BGHS drama teacher returns from India with lessons & insights

Jo Beth Gonzalez with students in Calcutta.

By DAVID DUPONT

BG Independent News

Drama teacher Jo Beth Gonzalez got a change of scene this summer, and found happiness, or more precisely happiness curriculum

Gonzalez, who teaches at Bowling Green High School, traveled to India through the State Department’s Teachers for Global Classrooms fellowship. She spent three weeks in the country where she observed, taught, and learned, and established connections she hopes to foster back in Bowling Green.

She’d liked “to maintain connection with students and teachers at the high school and engage a couple of my colleagues in that as well. That’s one of my goals.”

“With my kids I think what I’ll share with them is that, in my opinion, from my experience, is that drama is a way to connect kids with each other and with other people, that drama continues to be a way to share insights and feelings and help people think no matter where we are.”

She hopes her Bowling Green students and those she met in India can become digital pen pals, using email, Skype, and other social media.

Gonzalez said the trip was just a taste. Citing the tale of the blind men and the elephant she said “I’d need to go back to India 17 more times before I had a fuller picture.

“I’m so grateful for these three weeks,” she said.

Gonzalez was traveling with a group of a dozen middle school and high school teachers, part of the larger 70 in the international program. She was the only arts teacher among those going to India, and one of a very few involved in the program. Most were science and social studies teachers.

The trip started Delhi to “acclimate ourselves to the culture.” While there they visited government schools, a two-year training program for teachers, a juvenile detention center, and a child welfare organization.

They also met with Delhi’s minister of education, Mahish Sisodia, who is promoting a happiness curriculum.

“It’s based on Gandhi’s concept that we should become centered within ourselves before we become educated,” Gonzalez said. “That concept seems to permeate Indian education.”

The school day, she said, begins with an assembly devoted to various meditation practices, different mindfulness activities, and yoga.”

All students practiced some yoga.

The idea is to connect with themselves and with each other, Gonzalez said.

“Drama by its very nature does some of that,” she said. “Students already, through drama, develop empathy. … I’d like to infuse more mindfulness practice into my teaching.”

From Delhi, she and another teacher were scheduled to go to Mumbai. But the monsoons were particularly fierce, and the U.S. Embassy advised it was not safe for them to travel there. So Gonzalez joined other teachers heading to Kolkote (formerly Calcutta). There she worked at Mount Carmel, a Catholic high school for young women.

Serendipitously she found out that one teacher was addressing the topic of human trafficking, which drama students at BGHS have been exploring for several years. Another teacher was engaging students in learning about water conservation, another issue Gonzalez’ students have tackled.

She was also able to teach the techniques of devised theater, were actors create their own script.

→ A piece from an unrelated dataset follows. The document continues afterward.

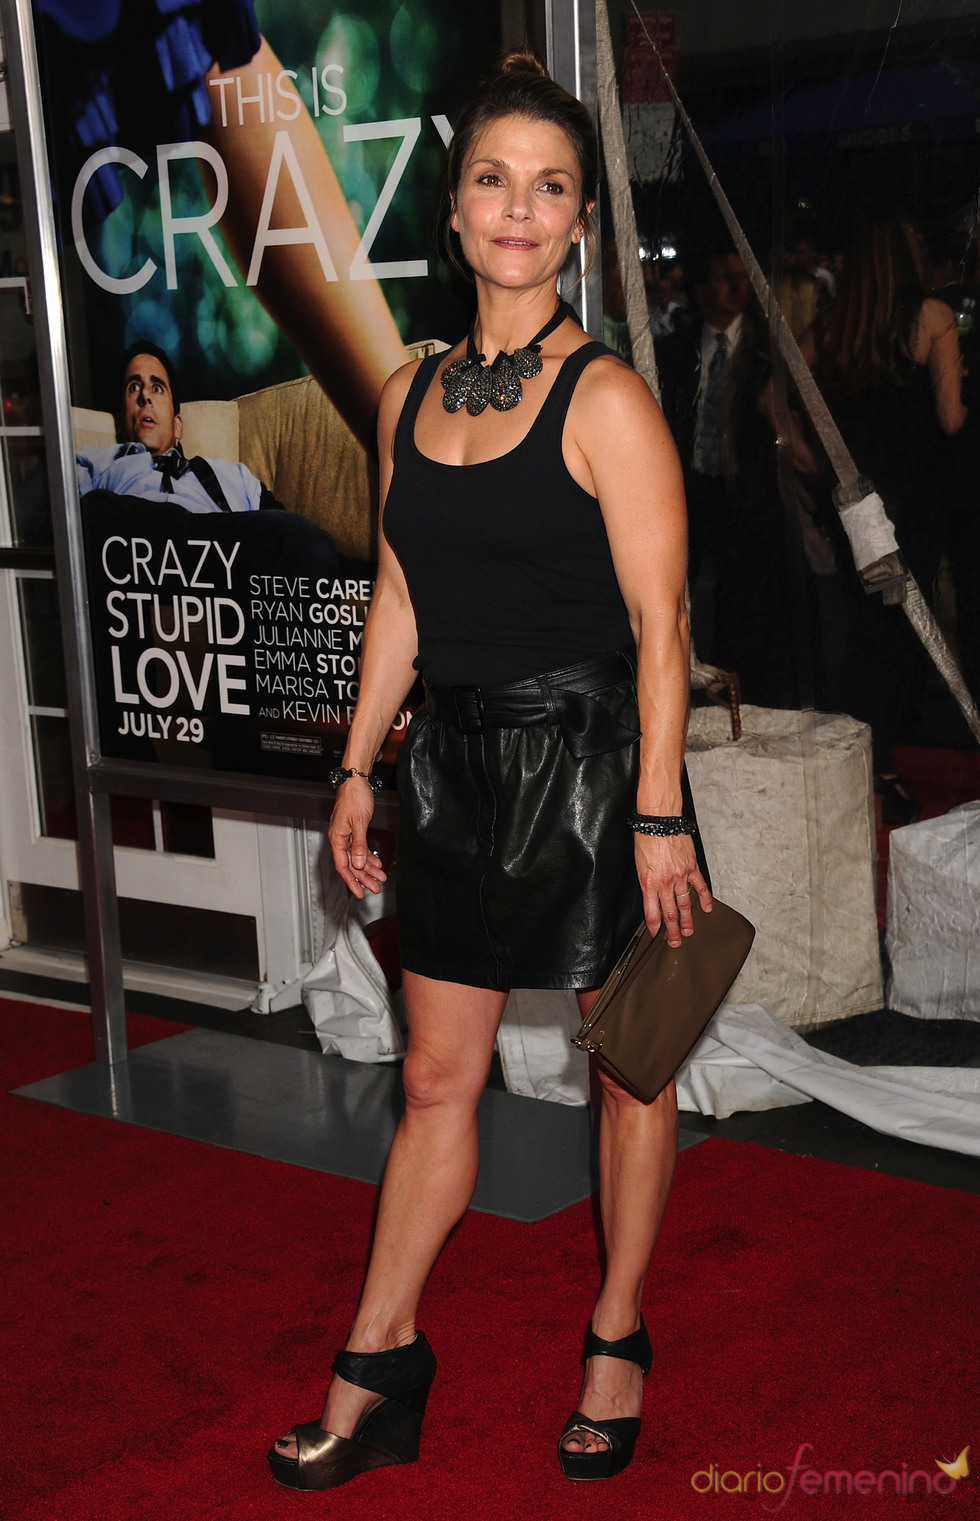 Heather Headley,Edith Atwater XXX movies Carroll Borland,Kristin Lehman

Gonzalez was impressed by the Indian students. She found they listened intently and absorbed what they heard. “Those students are brilliant. … Given the technological resources, India’s young people can change the world.”

As a Third World country, India faces many challenges. “The infrastructure is very, very weak, water, buildings, the economy. Yet despite that education is a priority.” Teachers who went to rural areas were more acutely aware of this than those, like herself, who stayed in urban centers.

In rural communities power outages are regular occurrence. Still, Gonzalez sensed a patience, a sense of concern for one another, even on the roads. “The way people drive with us it would result immediately in road rage.”

She became aware of how much energy Americans expend on air conditioning. Despite the high humidity and scorching temperatures, schools are not air conditioned. The female teachers wore saris, long pants, and scarves, occasionally dabbing a little sweat from their brows. They are accustomed to the heat.

Gonzalez, on the other hand, was soaking in sweat after teaching half a day.

Gonzalez said she was happy to be home. As soon as she arrived she drank a glass of water from the tap, ate some fresh, raw vegetables, and took an early morning run so she could hear the birds sing.

She’d gladly go back to India. Gonzalez said until the last couple years she hasn’t traveled abroad much. Two years ago she went to Seoul, South Korea, with her husband, Al Gonzalez, a Bowling Green State University professor. She did take the opportunity to teach a few classes in Korea. She’s taken students to London and Stratford, and plans to take students to Italy this school year.

When it comes to travel, she said, “whatever assumptions we have about places and people expect them to be broken when you have a truthful experience.”